Just as David Rockefeller used his resources to advance the idea of global interdependence, he also championed public-private partnerships, well before this concept loomed large in philanthropy. He created the Partnership for New York City in 1979 at a time when the city was battered and in need of new kinds of collaborative efforts to solve big problems—like how to rebuild burned-out neighborhoods in the Bronx. Rockefeller wanted to engage business in such work, along with government and philanthropy. During the 1980s, an era remembered for its greed, he was an early proponent of corporate social responsibility. That idea, too, is now firmly embedded in the mainstream.

New York City was among Rockefeller’s great causes. One of his most formative experiences as a young man was serving for a year as an aide to Mayor Fiorello La Guardia, after he received his Ph.D. in economics from the University of Chicago. This experience would later inspire the creation of the David Rockefeller Fellows Program at Partnership for New York City in 1988, which is still going strong today and “prepares senior corporate executives for more active leadership in civic and public affairs” through a 12-month program.

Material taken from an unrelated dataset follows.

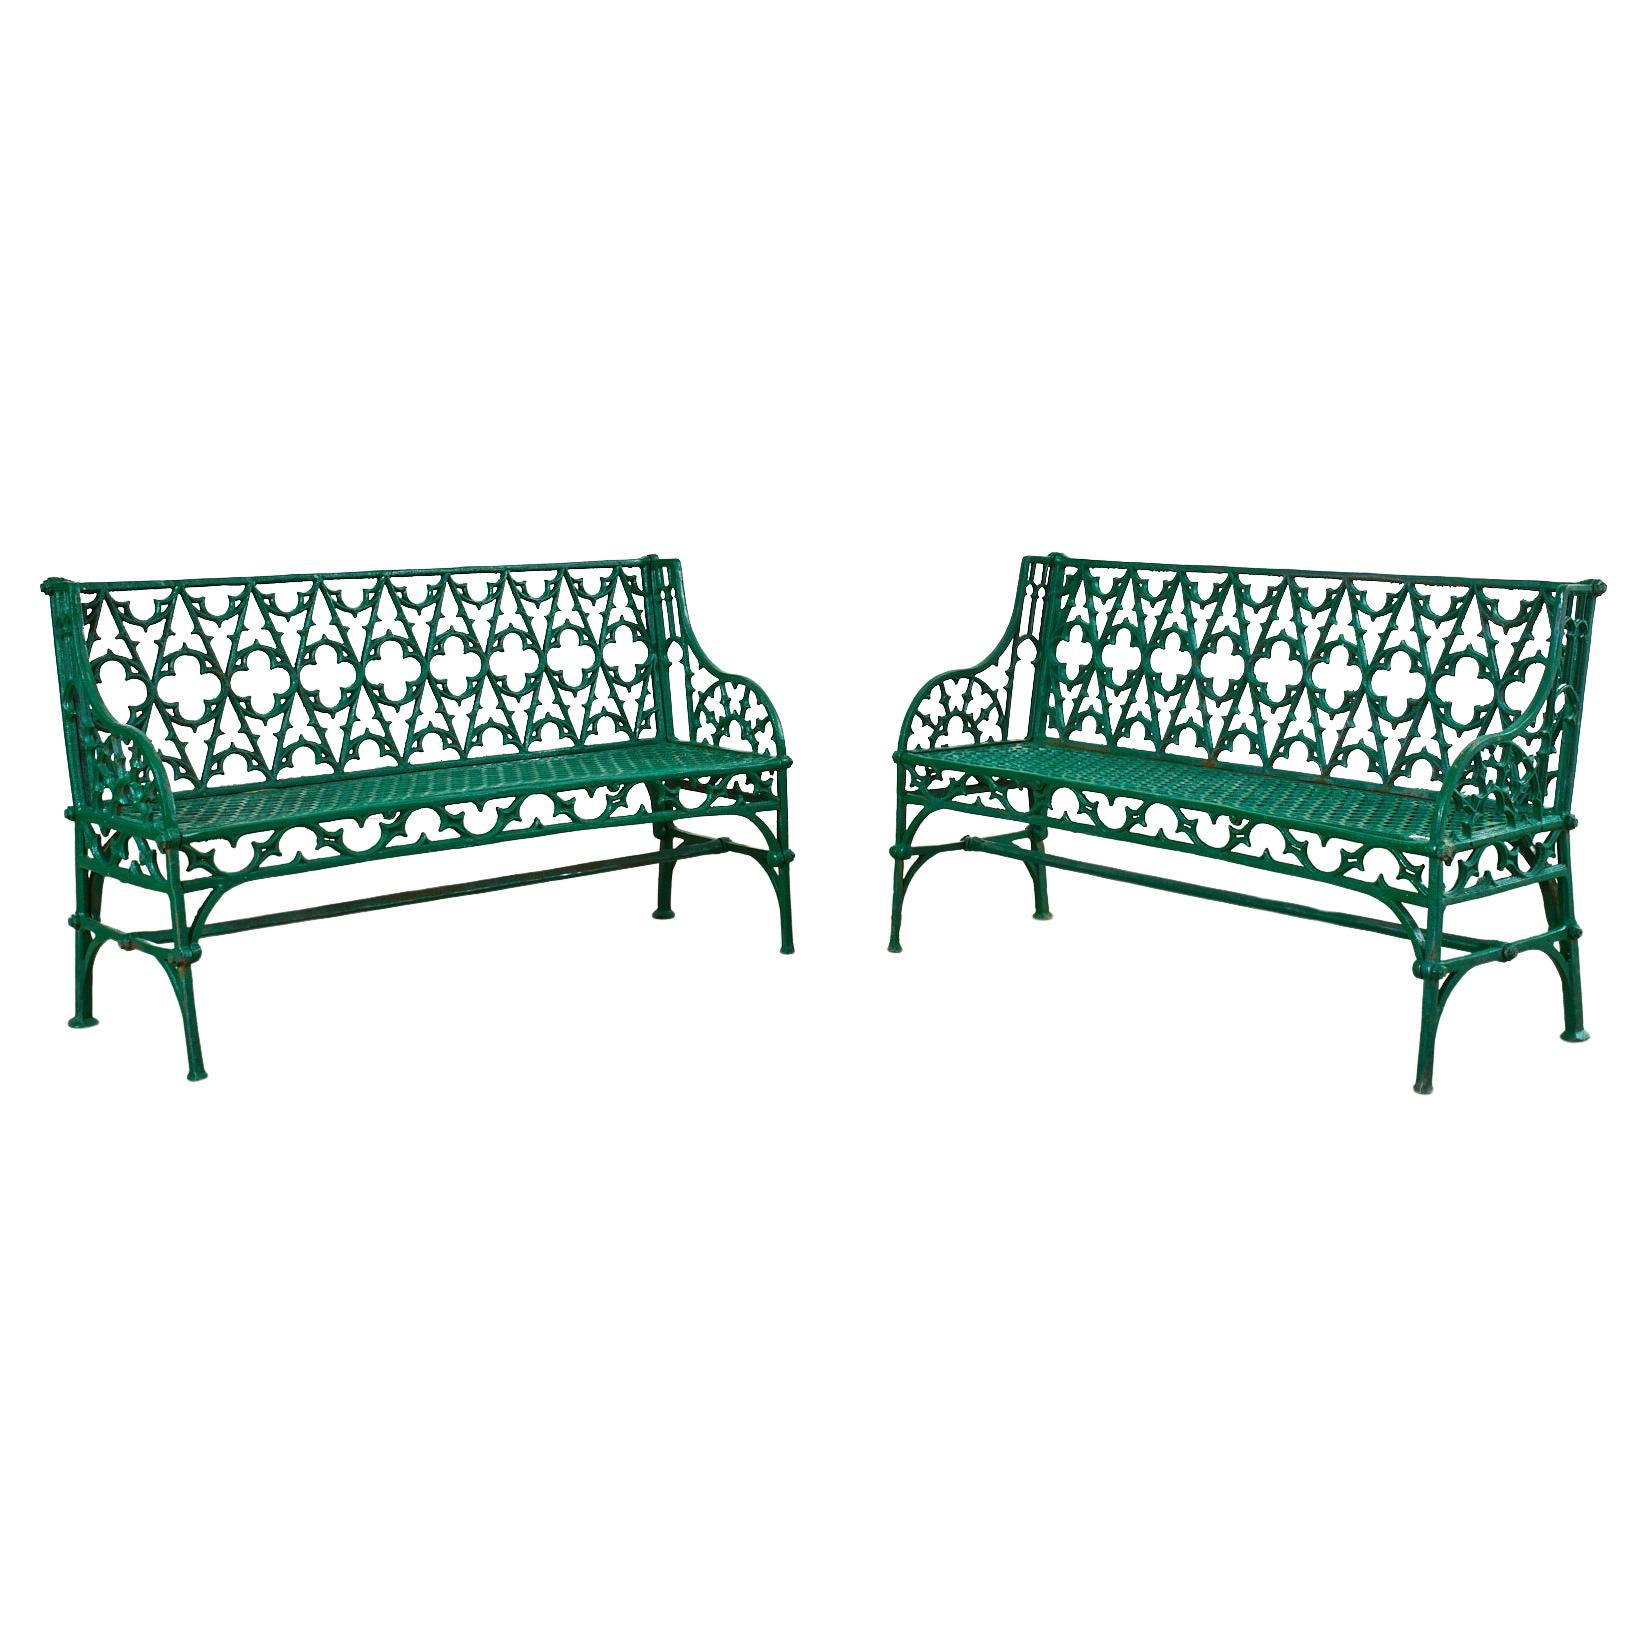 Pair of English Coalbrookdale Attributed Iron Gothic Garden Benches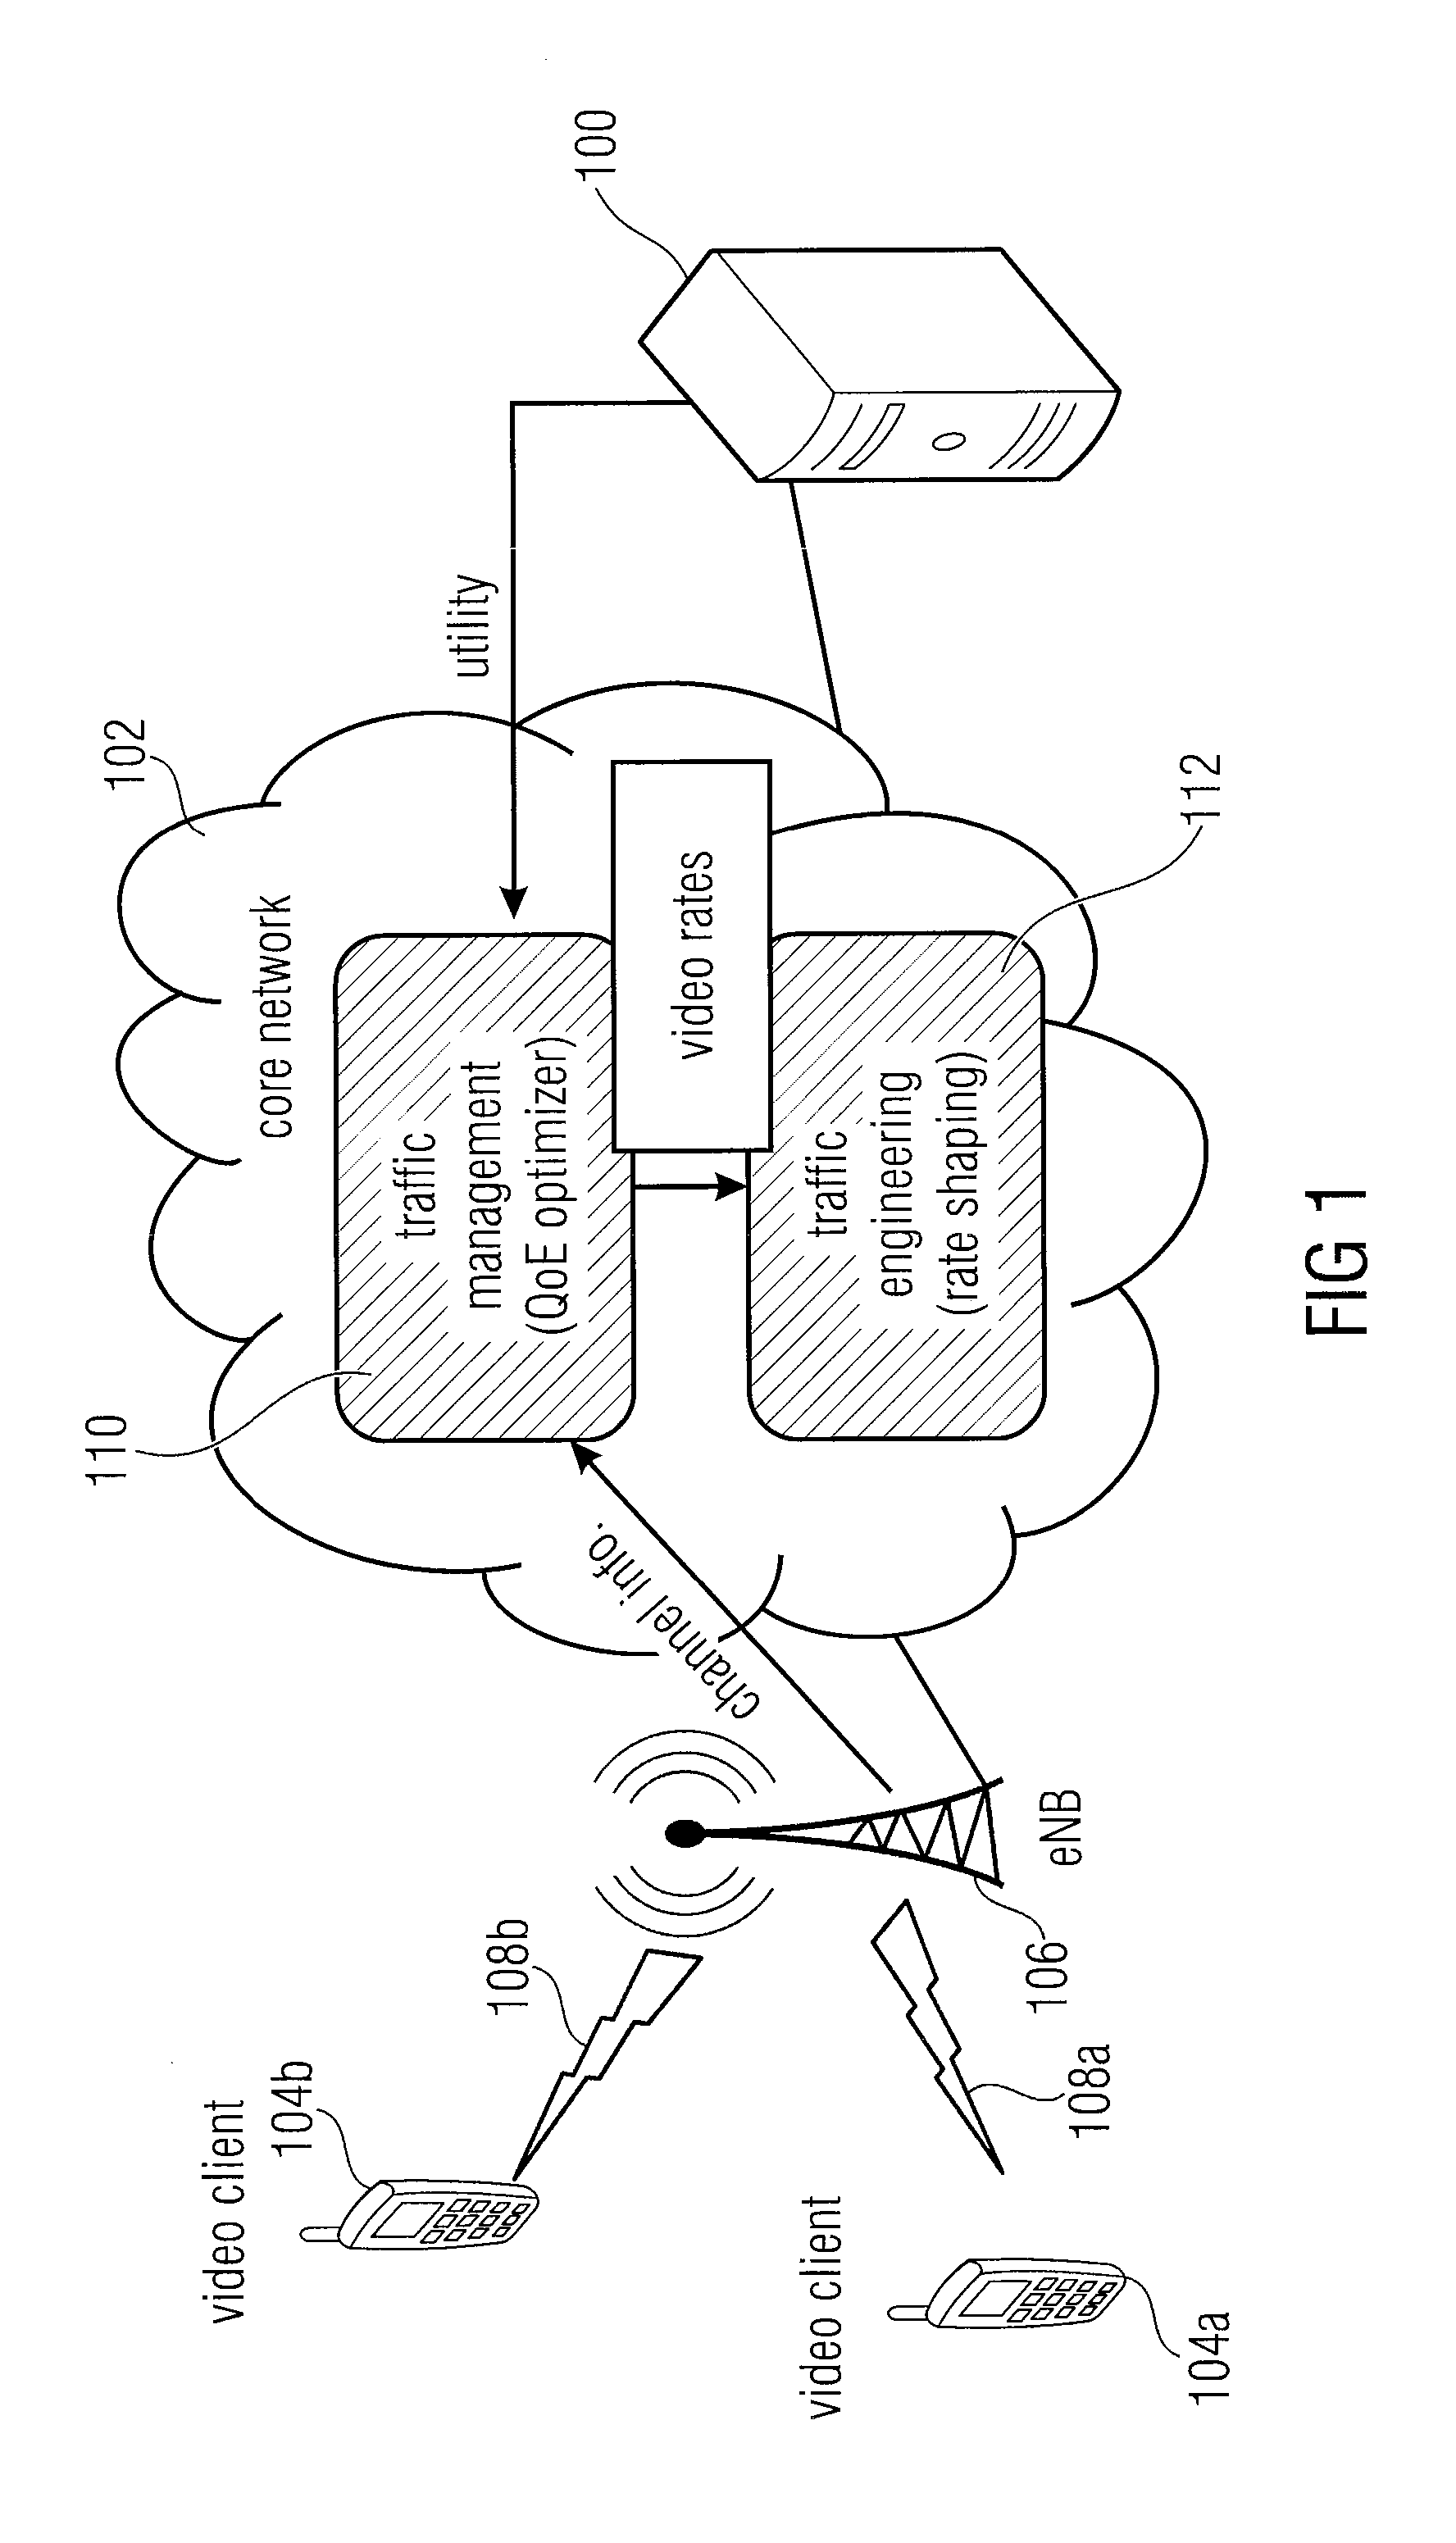 Method, system and network for transmitting multimedia data to a plurality of clients

Last week, former Mayor Michael Bloomberg said in a statement: “No individual has contributed more to the commercial and civic life of New York City over a longer period of time than David Rockefeller.”

As with globalization, New York’s renewal as a world-class city over the past three decades hasn’t gone well for everyone. Inequality has worsened and the city’s middle class struggles to hold on. Some critics see the Partnership for New York City, with its business-friendly stance, as part of the problem, not part of the solution. So here, too, David Rockefeller’s record of civic leadership and philanthropy is not one of unvarnished success. The modern order he helped create has turned out to have more losers than he and postwar liberal elites anticipated. In this way, his career offers cautionary lessons for today’s establishment do-gooders—to watch for blind spots and not assume that the best version of their vision will triumph in the end.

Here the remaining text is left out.